Data for this exercise >>
• • •
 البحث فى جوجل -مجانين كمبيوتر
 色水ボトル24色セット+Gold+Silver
• • •
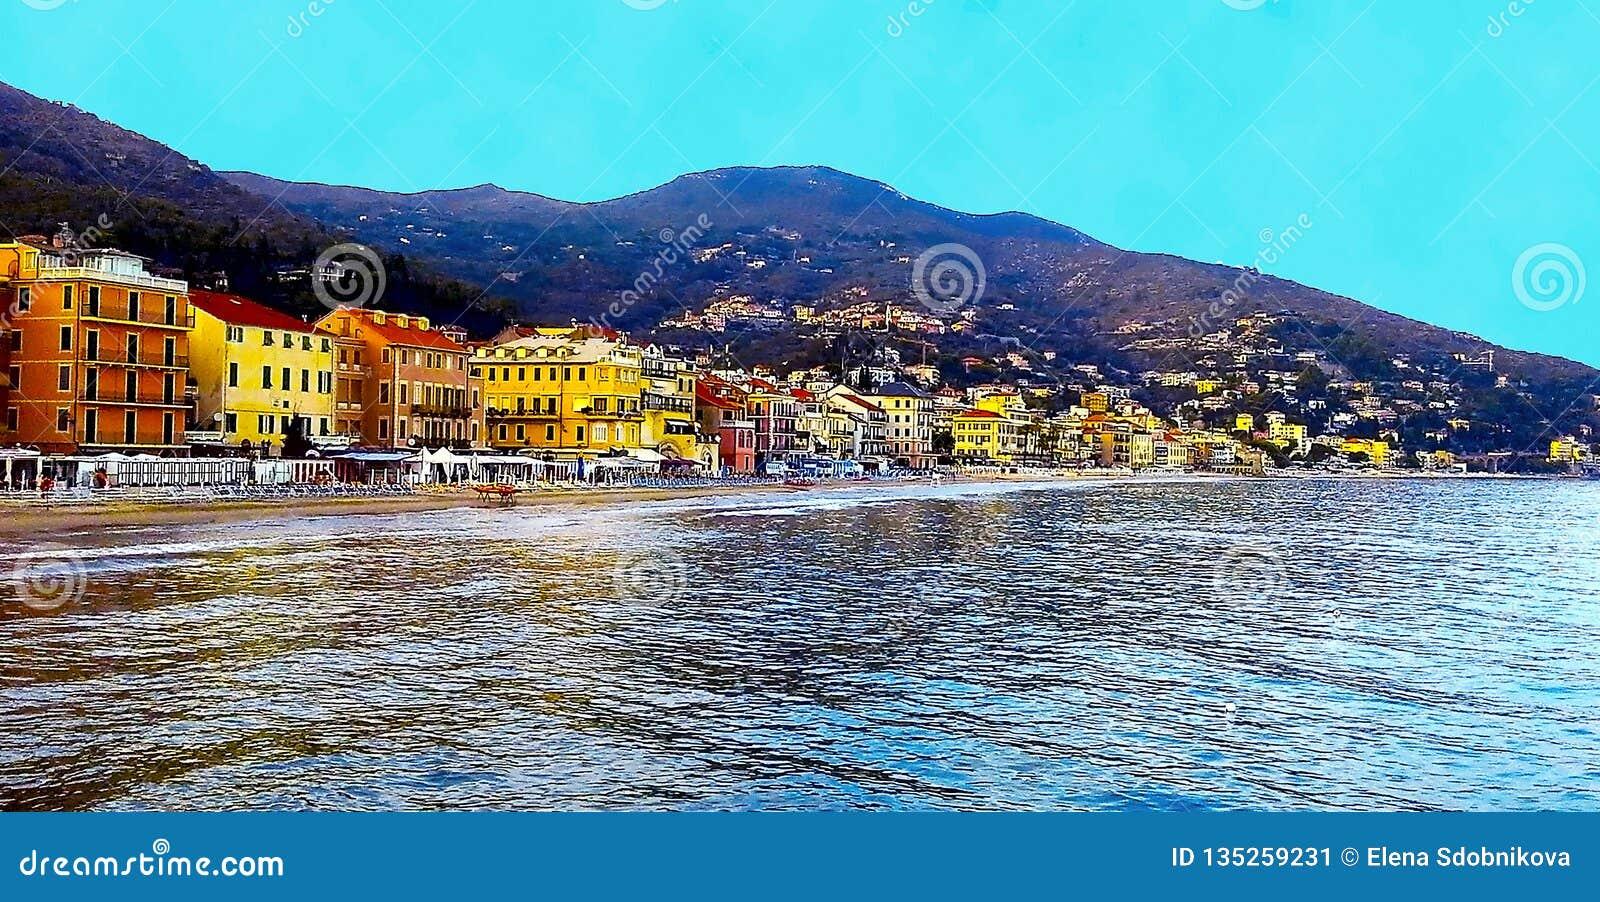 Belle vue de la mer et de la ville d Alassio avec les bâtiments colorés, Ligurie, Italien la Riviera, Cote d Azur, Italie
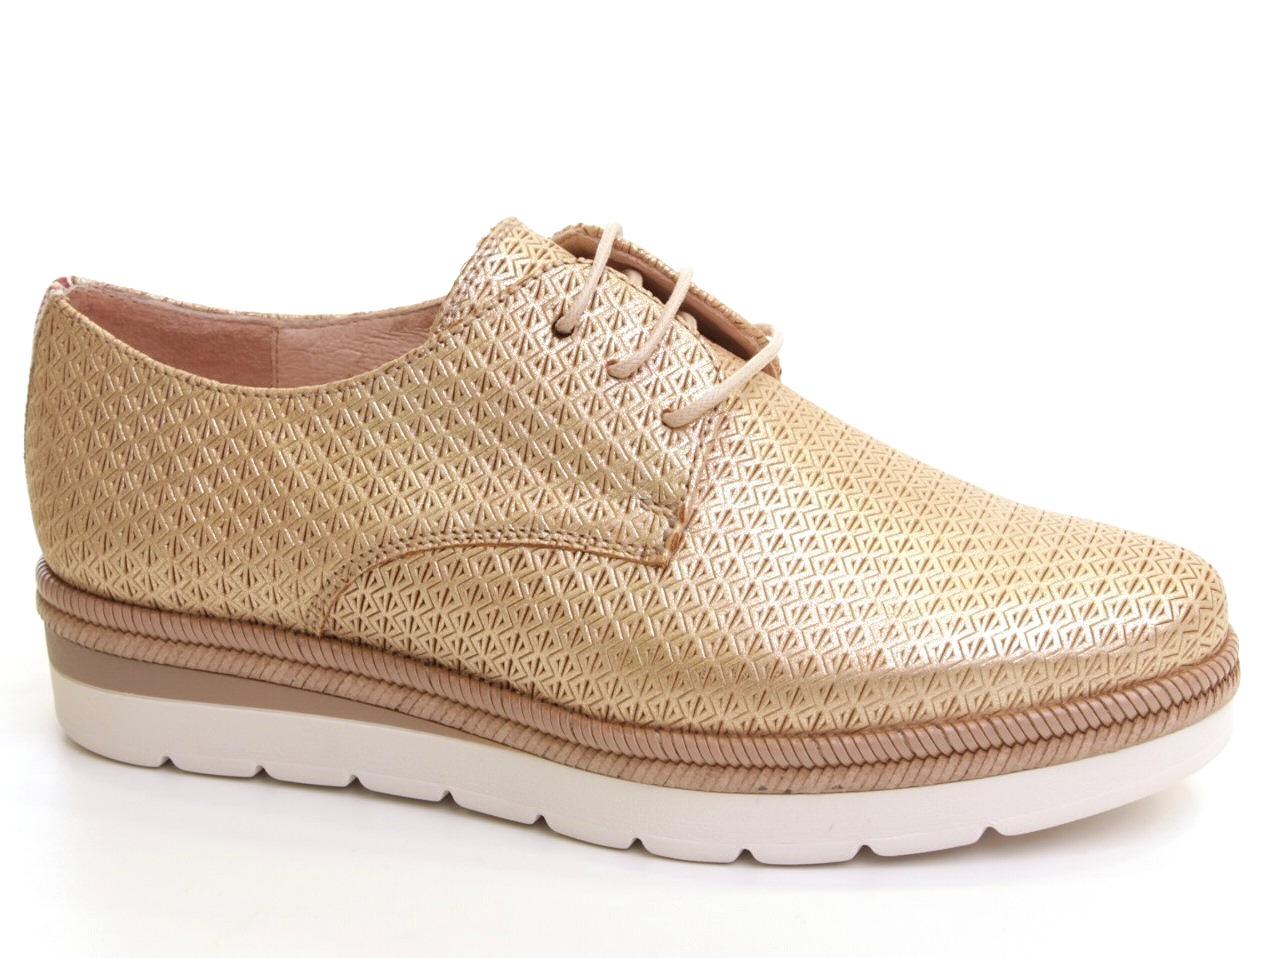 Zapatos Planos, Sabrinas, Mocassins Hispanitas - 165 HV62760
• • •
Aim of the exercise >>
What is asked for is an exact copy of the lines above from the one containing "البحث فى جوجل -مجانين كمبيوتر" through the one containing "色水ボトル24色セット+Gold+Silver", and only those.

Solution to this task >>
 البحث فى جوجل -مجانين كمبيوتر
 色水ボトル24色セット+Gold+Silver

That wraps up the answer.